Fill the test tube (0230) to the 5.0 ml line with sample water.

Add 10 drops of reagent

Follow with capping and mixing of the content.

Insert test tube into Octet Comparator. Ensure that the comparator’s color is similar to that of the color under investigation. At this point, ensure that the position of the comparator is in between the operator and a light source. The instance would enable light to pass through the special light-diffusing screen in the back of the comparator. Never look at comparator against direct sunlight or an irregularly lighted background.

Temperature:

  1. Submerge the thermometer beneath the water for 60 seconds before reading.
  2. Record your answer in degrees Fahrenheit.
  • Determination of Turbidity

First, have a one full turbidity column that reaches the 50ml line with the water sample. In the case where the black shape of the test tube’s lower surface seems invisible when viewed through, drain a desired quantity of the test tube’s sample. The instance will in this case enable the test tube only get filled up to the 25ml benchmark line.

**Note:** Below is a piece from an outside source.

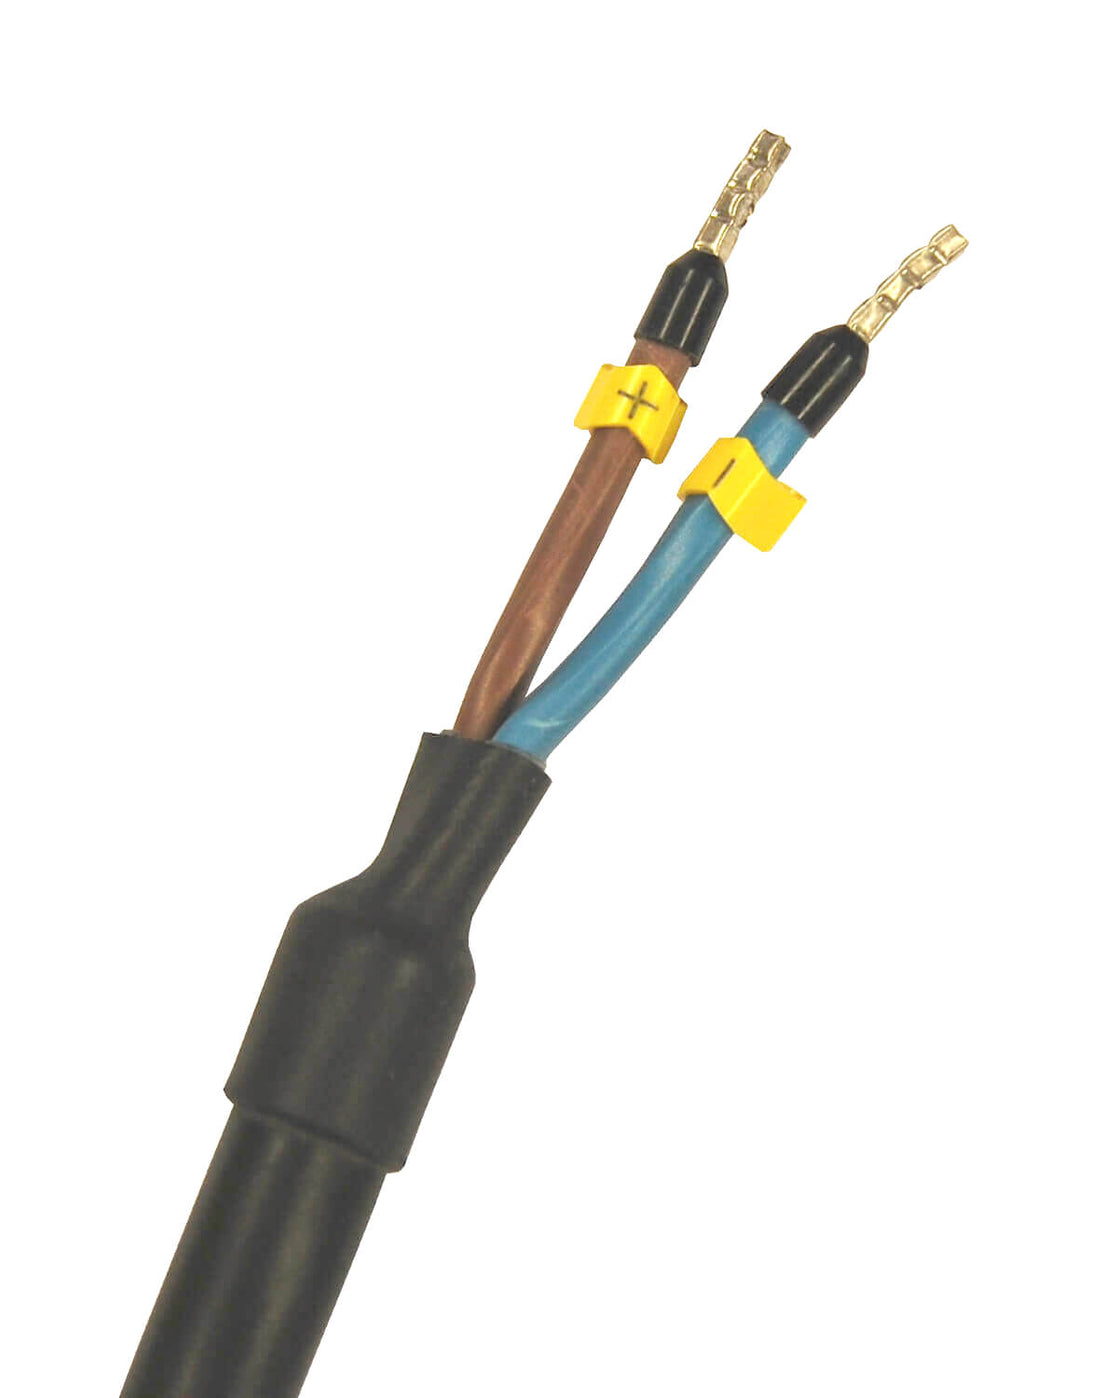 Ein schwarz-gelbes Kabel mit zwei Adern, das für die PURION 2500 36 W 24 V DC Basic UV-C-Desinfektionsanlage der PURION GmbH konzipiert und für den Einsatz in Trinkwasser geeignet ist.

The second step is to ensure the filling of the second turbidity column with and an equivalent quantity of water to the sample under measurement though turbidity free. Hence, for best results during this experiment, distilled sample of water would be the best option as much as clear tap water may also serve as alternative. Elsewhere, this stage is the clear water tube part.

After assembling the test tubes in step one and two above, place them next to each other and observe their difference in clarity. In the event that the black shape shows some clarity in all the two tubes, then the conclusion would be that there is zero turbidity. However, if the black dot appears unclear in the sample, then the experiment should progress to step four below.

Step four in this case will entail shaking of the Standard Turbidity Reagent in a vigorous manner. To enhance the effective reaction of the reagent, stirring rod may also be an added advantage in stirring both the components of the tubes as it will facilitate the equal distribution of the particles. At the same time, closely monitor the quantity of turbidity by viewing the solution through the black shape. A case that will reveal the greater turbidity of the sample compared with that of the clear water will warrant the continuity in addition of the Standard Turbidity Reagent in a 0.5ml increasing manner to the clear water tube. During this time, continue mixing the contents upon each addition of the reagent until the turbidity matches that of the sample. Do not forget not to record the total amount of the Turbidity Reagent added at this juncture.

From the steps conducted above, the inference would be that every 0.5ml added to 50ml simple sample represents the 5 Jackson Turbidity Units (JTUs). At the end of the experiment, ensure the rinsing of both test tubes so as to leave then a good condition for the next experiment altogether.

  • Determination of Nitrates and Phosphates

Nitrate

First, fill the test tube bottle with a sample of water

Next, fill one test tube up to 2.5 ml mark with water that is from the sample bottle.

Third, perform the dilution process up to the 5ml mark with a Mixed Acid Reagent. After this, wait up to two minutes as the mixing and reaction takes place.

By using a 0.1 gram spoon, add another one level measure though should not be in an excessive manner of the Nitrate Reducing Agent. Consequently, cap and gently invert the sample in a tune of 50 to sixty minutes per minute. Thereafter, wait for at least ten minutes.

The next step is to insert the test tube into a Nitrate –N Comparator. Consequently, mat the sample color so that it colors the standard. After this, follow with the recording of the ppm Nitrate as Nitrate Nitrogen. Finally, multiply the ppm number by 4.4 to enhance its conversion

Total Phosphate:

The first step is to fill the test tube up to the 10ml mark with a sample of water.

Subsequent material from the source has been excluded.